— Какой же ты жадный и бессердечный! — возмутился Амадеус. — Только о себе и думаешь, вместо того чтобы вначале бедную девочку накормить! И вы тоже хорош, мистер старый телевизор! Опекун, называется! Почему не напомнили бедному ребенку, что пора обедать?
Конечно же, Мерцалкин осознал свою вину, и ему стало стыдно. Но зачем так грубо и прямо говорить ему об этом? Он ничего не ответил крысаку, а лишь сердито загудел и замигал всевозможными лампочками и датчиками. «Ну, какой же я старый? У меня только корпус староват, а сам-то я — новейшая разработка!» — подумал умнейший механизм.
Кот Василиск вызвался сопроводить девочку на камбуз, при этом строго выговаривая ей по дороге:
— Жизнь путешественника сурова, а судьба морского путешественника — еще более сложна и сурова. Мы, настоящие моряки, немногословны и сдержаны. Я, как старый морской «волк»…
— Какой же ты волк? — удивилась Юля. — Ты же сам говорил, что ты морской кот!
— Вот именно, я, как старый морской кот, часто занят делами и могу случайно не вспомнить про твое кормление. Запомни, капитан, боцман, матросы и даже я — народ занятой! Мы постоянно в заботах и можем нечаянно забыть про тебя. Будь любезна, милая, сама являться в кают-компанию строго по распорядку. Этот распорядок висит у тебя в каюте! Лично я, если проголодаюсь, то всегда могу заморить червячка птичкой. — Кот выразительно посмотрел на попугая, сидевшего на поручне. — Или грызуном. — Кот махнул лапой в сторону каюты, откуда они вышли. — Ты ведь птицами или крысами, в случае чего, питаться не будешь?
— Нет, что ты, что ты! — замахала руками Потеряшка.
— Никогда не опаздывай к приему пищи, иначе всегда будешь оставаться голодной, — продолжал читать ей нотации Василиск.
— А разве можно есть друзей? — нахмурилась девочка.
— Подумаешь! Ну, какие они мне друзья? Никто из них даже по-настоящему мяукать не умеет. Так, одно недоразумение, лишний груз на судне. Навязанные капитаном случайные попутчики.
Кот толкнул лапой дверь и по-хозяйски вошел на камбуз. Не теряя времени даром, он сразу же потерся о ноги кока, выпрашивая еще кусочек мяса, но рыжему хитрюге досталось лишь блюдце, полное молока. Состроив брезгливую физиономию, Василиск нехотя все же вылакал молоко (а ну как в другой раз не дадут!) и, урча себе в усы что-то о вреде молочных продуктов для взрослых котов, ушел спать.

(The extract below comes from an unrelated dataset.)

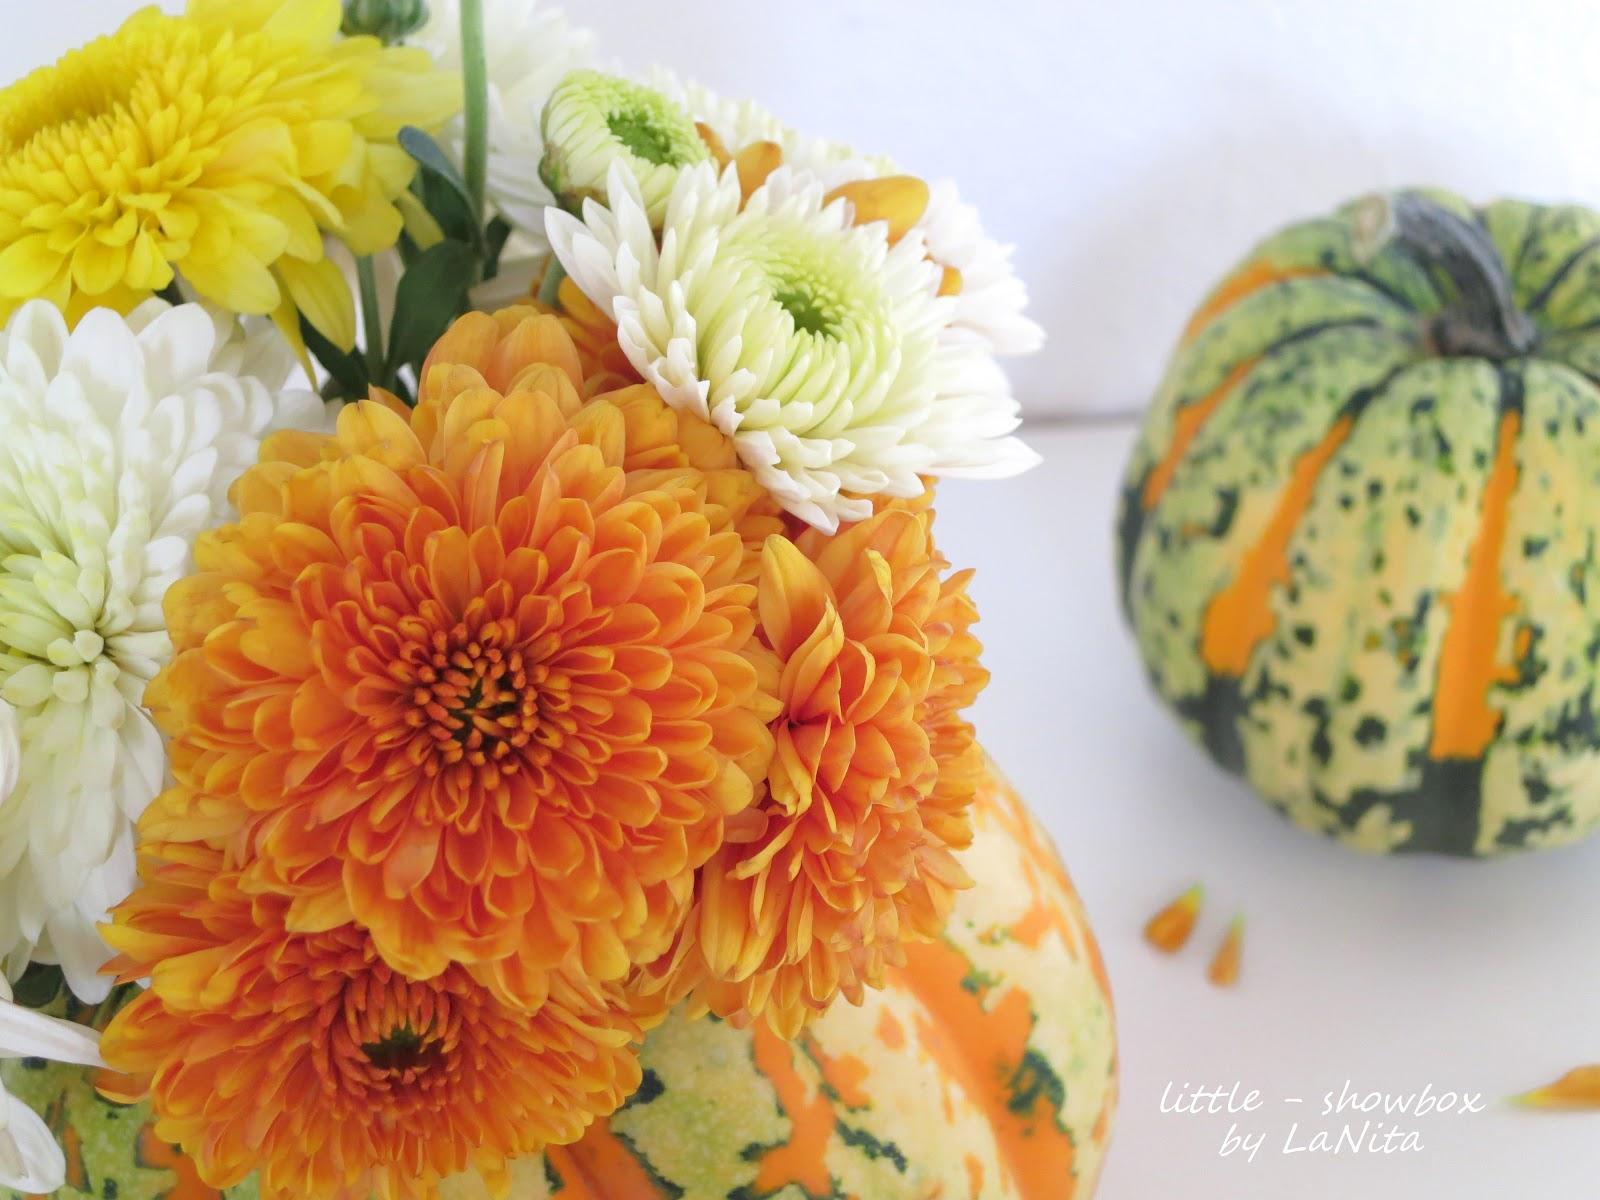 Herbstdekoration Kurbis : Herbstliches D.I.Y. Blumen im Kürbis little ...
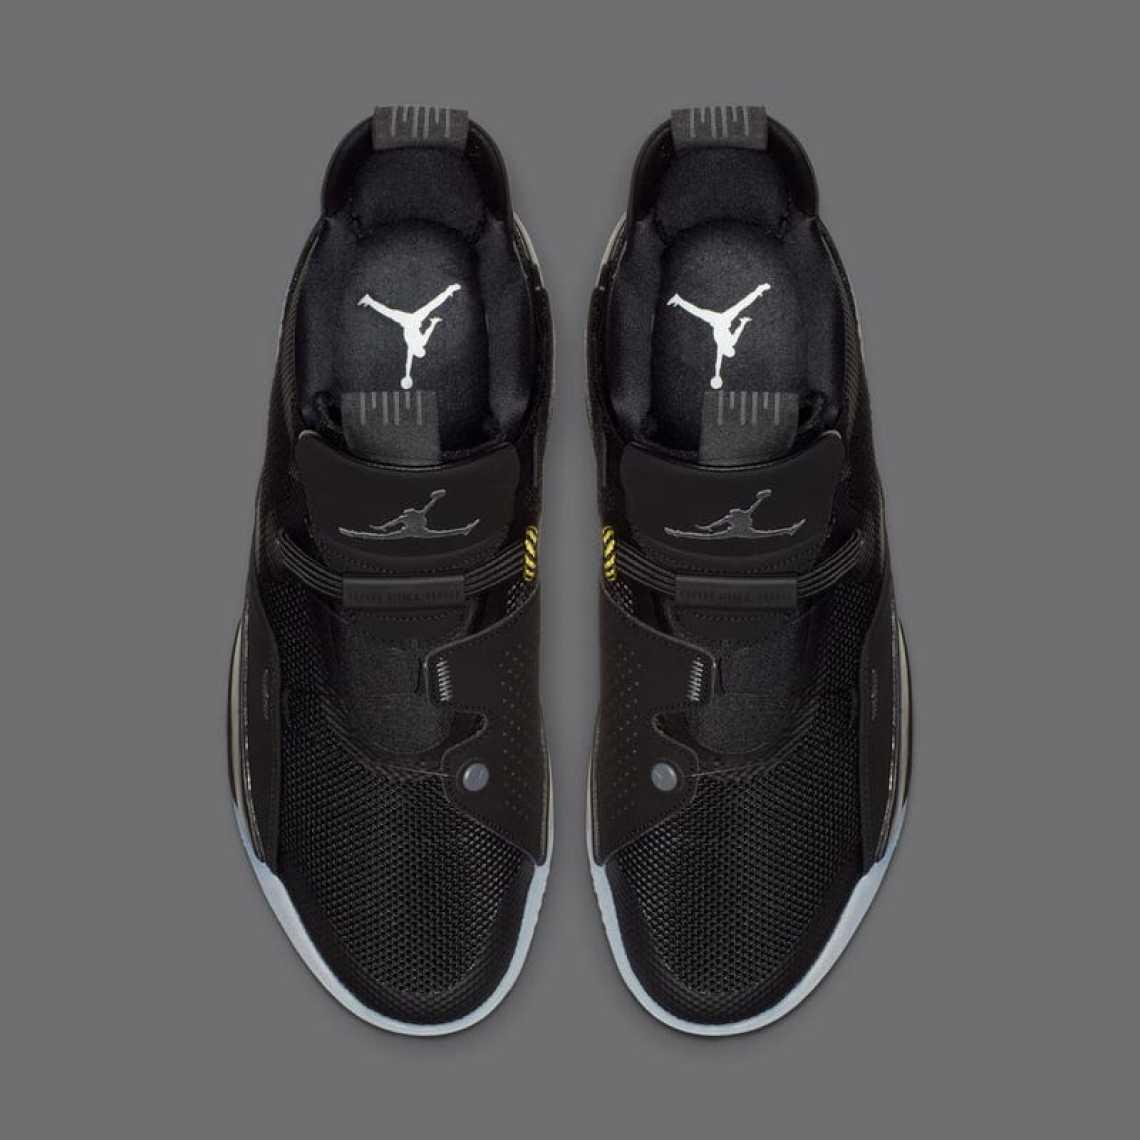 4a38ee8c408a Air Jordan 33

А Юля быстро съела макароны по-флотски, и выпила три кружки персикового компота, который ей подливал добрый кок. Шницелев слушал ее рассказ о нелегкой жизни без родителей, утирал белым поварским колпаком слезы и опять предлагал ей очередную порцию компота.
Несколько дней море оставалось тихим и спокойным, обстановка на корабле была почти домашняя. Вокруг корабля кружили чайки и бакланы, постоянно задирая ворчливого попугая. Старый Гогель равнодушно взирал на этих шумных и бестолковых, по его мнению, птиц, но когда какая-нибудь из них пыталась клюнуть или нагадить на него, он оглашал морской простор истошным воплем: «Свистать всех наверх! Огонь из всех орудий! Стреляю без предупреждения! Пошли прочь, мор-р-рские мусор-р-рщики!»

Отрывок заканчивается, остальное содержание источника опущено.